More than a month after a record number of out-of-work Floridians flooded the state’s broken unemployment website, Florida has collected more in interest on its largely untapped unemployment fund than any other state. Florida’s unemployment fund earned nearly $25 million in interest in the first three months of this year, according to an accounting record. [Source: WFTS]

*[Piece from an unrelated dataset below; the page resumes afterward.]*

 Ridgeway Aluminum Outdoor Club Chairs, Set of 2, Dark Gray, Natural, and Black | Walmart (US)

Carnival Cruise Lines plans to sail again starting in August

Carnival Cruise Lines said Monday that it plans to gradually resume cruising in North America in August, nearly five months after it halted operations due to the new coronavirus. Sailings will begin on Aug. 1 with eight ships setting off from Galveston, Texas; Miami; and Port Canaveral, Florida. A majority of customers can easily drive to those ports, the company noted. [Source: Tampa Bay Times]

ALSO AROUND FLORIDA:

› Gov. Ron DeSantis orders investigation into broken unemployment system
Gov. Ron DeSantis said he will ask his inspector general to investigate the contract with the company that built Florida’s broken unemployment website seven years ago. DeSantis said he wants his inspector general, an office that was created in 1994 to provide internal oversight of state agencies, to investigate how the state paid $77.9 million on the website and how the contract was amended numerous times.

› Miami-born Cesar Conde named chief of new NBCUniversal news division
Miami native Cesar Conde has been named chief of the newly-formed NBCUniversal News Group, part of a corporate reorganization at NBCUniversal announced Monday. Conde had been chairman of Telemundo and the company’s international business. Conde will now lead an expanded news division that combines all TV and streaming operations, according to reports published by the Los Angeles Times and the Wall Street Journal.

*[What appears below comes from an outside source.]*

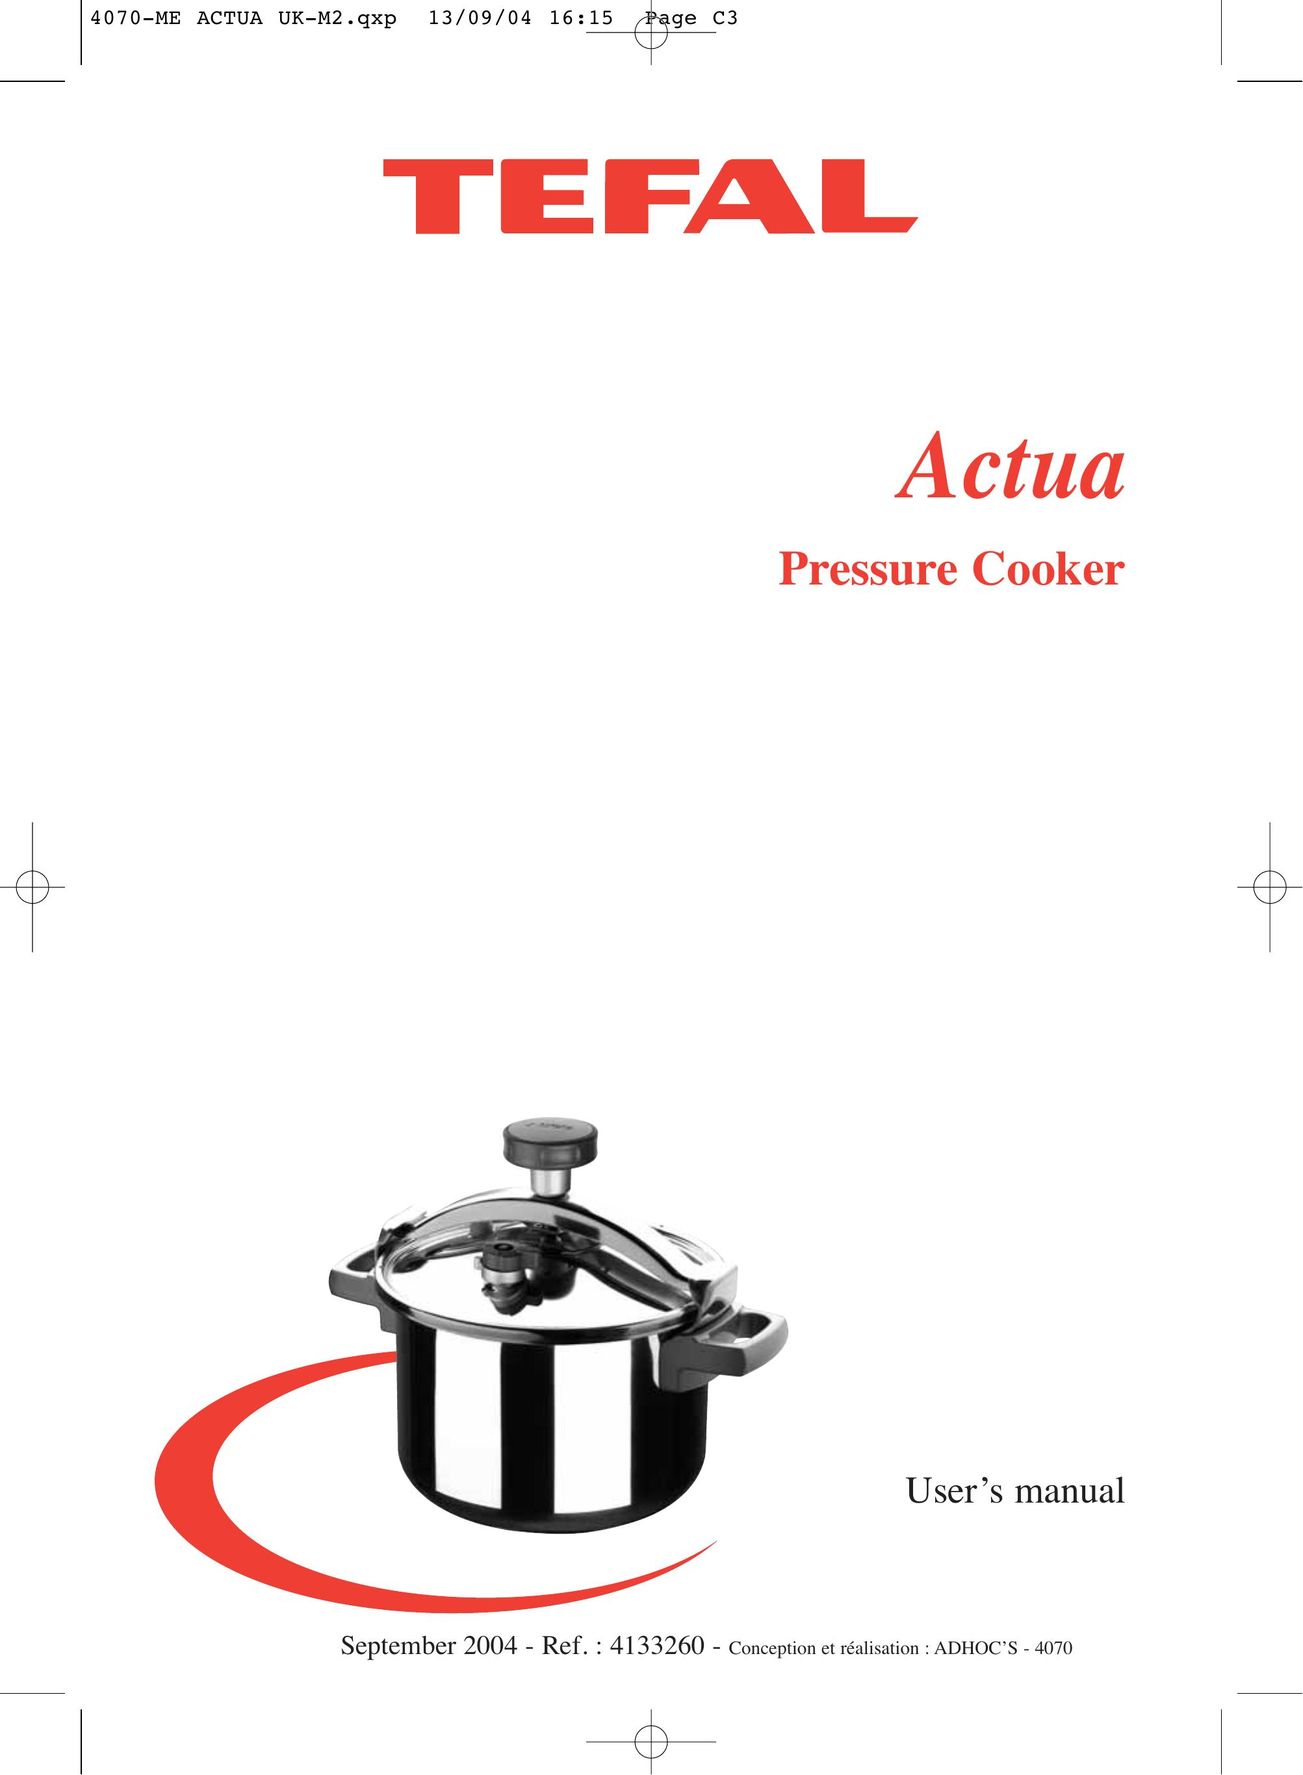 Groupe SEB USA - T-FAL Pressure Cooker Electric Pressure Cooker User Manual

› Sarasota cutting $2.9 million in city spending
The economic impact of the coronavirus outbreak is immense, and the city of Sarasota has not escaped the financial ramifications. Sarasota is facing over an estimated $1.8 million hit to various revenue sources and $770,000 to its parking funds, city documents show. As a result, the city has eliminated part-time employee hours for its parks department and parking enforcement.

› Tampa Downtown Partnership to give $1,000 grants to 50 small businesses
The nonprofit Tampa Downtown Partnership said Monday it will give $1,000 grants totaling $50,000 to pandemic-stricken businesses inside the city’s downtown special services district. “These grants will not have to be repaid," partnership president and chief executive officer Lynda Remund said in announcing the Tampa’s Downtown Reinvestment and Relief Fund, or “Refund," grant program.